Update: More than 160 people have gotten sick and one person has died in a salmonella outbreak linked to raw turkey that the Centers for Disease Control and Prevention (CDC) has been following for about a year. Now, Jennie-O is recalling 147,276 pounds (nearly 74 tons), making it the first company to recall its products in connection to the outbreak, according to the U.S. Department of Agriculture's Food Safety and Inspection Service (FSIS).
The affected products include Jennie-O 1-pound packages of:
Ground Turkey 93% Lean/7% Fat
Ground Turkey 90% Lean/10% Fat
Ground Turkey 85% Lean/15% Fat
Taco Seasoned Ground Turkey
Italian Seasoned Ground Turkey
All of the affected products have "use by" dates between October 1 and October 2, 2018 and read "P-190" inside the USDA mark of inspection.
The recall comes after an FSIS inspection found that an unopened package of Jennie-O ground turkey from a patient's home contained a strain of salmonella that matched the patient's and the strain identified in the outbreak. However, the CDC notes that it has not identified a common manufacturer in the outbreak. "The outbreak strain of Salmonella Reading is present in live turkeys and in many types of raw turkey products, indicating it might be widespread in the turkey industry," the CDC says.

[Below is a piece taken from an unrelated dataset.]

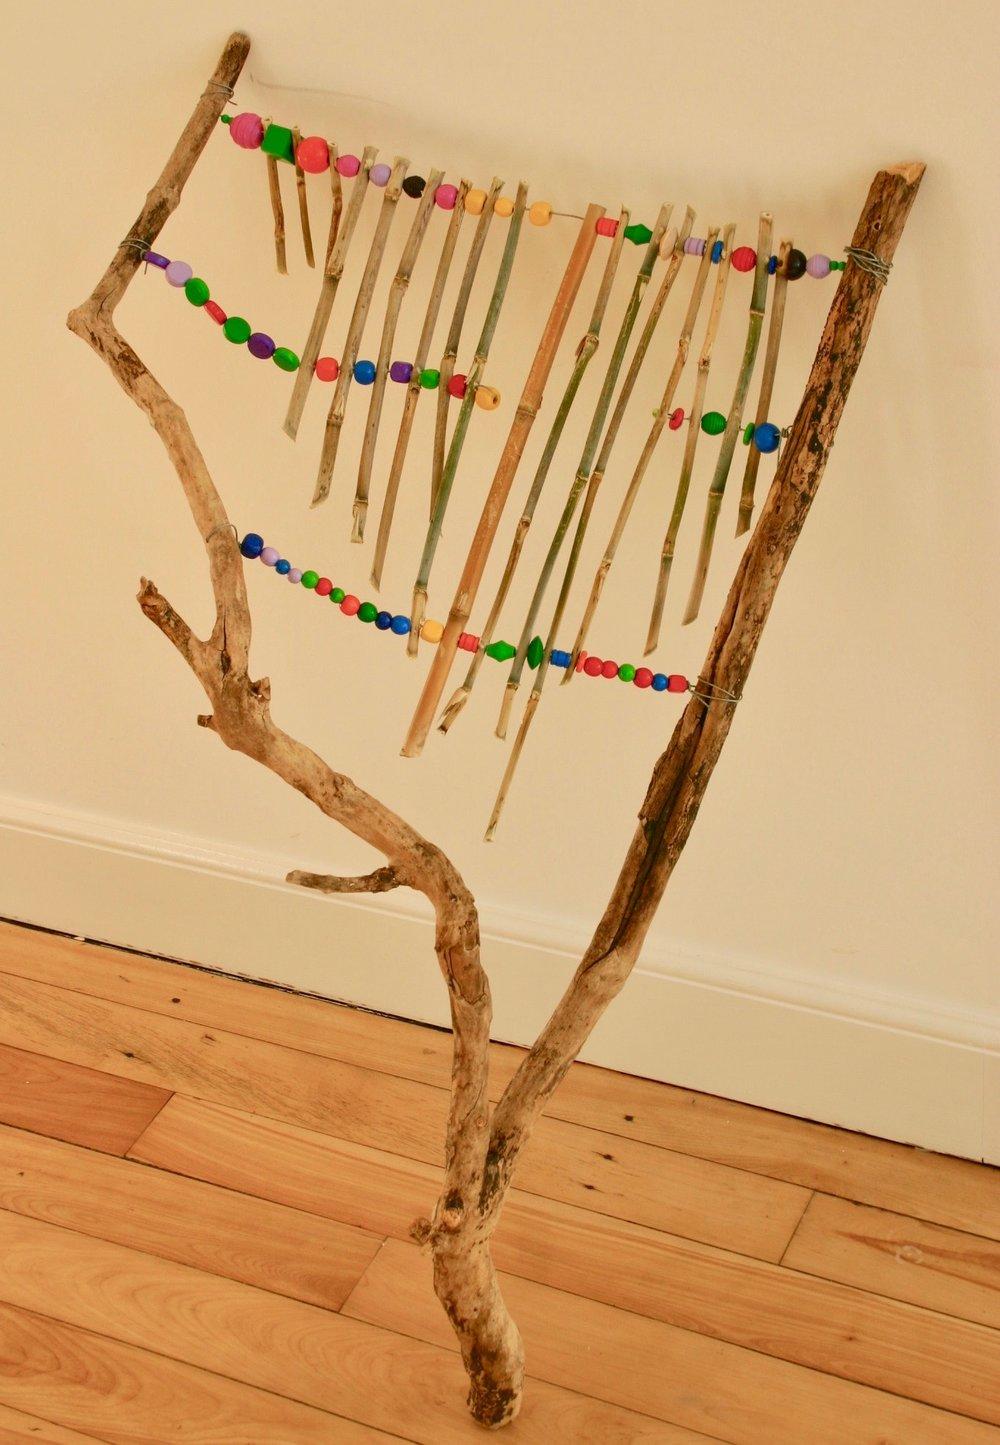 3-musical-instruments-environmental-art-artist-craigmillar-castle.jpg

To learn more about the outbreak and how to cook safely with raw turkey, continue to our original story below.
Original Report (November 12, 2018):
This is the latest update in an outbreak the CDC has been tracking for almost exactly a year. The first illnesses reported as part of the outbreak started between November 20, 2017 and have continued to pop up through October 20, 2018. In total, there have been 164 illnesses in 35 states associated with the outbreak, 63 of which required hospitalization. Of those, 74 cases in 26 states—including one death—were reported since the CDC's last update this past July.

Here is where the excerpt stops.